[[ Dataset records, beginning ]]
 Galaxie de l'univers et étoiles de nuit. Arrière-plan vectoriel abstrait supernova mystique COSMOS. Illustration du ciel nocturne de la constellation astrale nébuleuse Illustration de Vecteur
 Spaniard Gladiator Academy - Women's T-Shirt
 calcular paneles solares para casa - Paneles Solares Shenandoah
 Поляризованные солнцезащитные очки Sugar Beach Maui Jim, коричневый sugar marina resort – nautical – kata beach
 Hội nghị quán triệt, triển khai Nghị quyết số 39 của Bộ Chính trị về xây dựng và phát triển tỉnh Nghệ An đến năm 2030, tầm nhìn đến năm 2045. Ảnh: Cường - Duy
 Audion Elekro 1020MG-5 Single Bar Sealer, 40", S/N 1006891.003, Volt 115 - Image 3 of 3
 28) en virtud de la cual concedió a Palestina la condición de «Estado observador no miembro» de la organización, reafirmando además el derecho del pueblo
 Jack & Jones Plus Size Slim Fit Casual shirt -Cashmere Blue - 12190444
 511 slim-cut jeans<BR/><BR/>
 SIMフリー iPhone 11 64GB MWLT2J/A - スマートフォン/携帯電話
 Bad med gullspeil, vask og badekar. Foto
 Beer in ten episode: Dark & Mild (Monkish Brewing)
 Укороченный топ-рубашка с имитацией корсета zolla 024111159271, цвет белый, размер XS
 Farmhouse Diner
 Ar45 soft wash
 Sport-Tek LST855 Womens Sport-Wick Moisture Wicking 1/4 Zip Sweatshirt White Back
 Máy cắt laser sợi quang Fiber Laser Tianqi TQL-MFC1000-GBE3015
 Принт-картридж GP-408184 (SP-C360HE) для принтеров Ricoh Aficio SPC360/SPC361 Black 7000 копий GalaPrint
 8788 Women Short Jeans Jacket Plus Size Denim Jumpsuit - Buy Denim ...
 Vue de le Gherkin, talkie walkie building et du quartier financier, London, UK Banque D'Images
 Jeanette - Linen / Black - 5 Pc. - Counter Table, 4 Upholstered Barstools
[[ Dataset records, end ]]
Exercise instructions>
Going line by line through the entries above, count each line that has the word "Plus", then state the count alone.

Problem solution>
2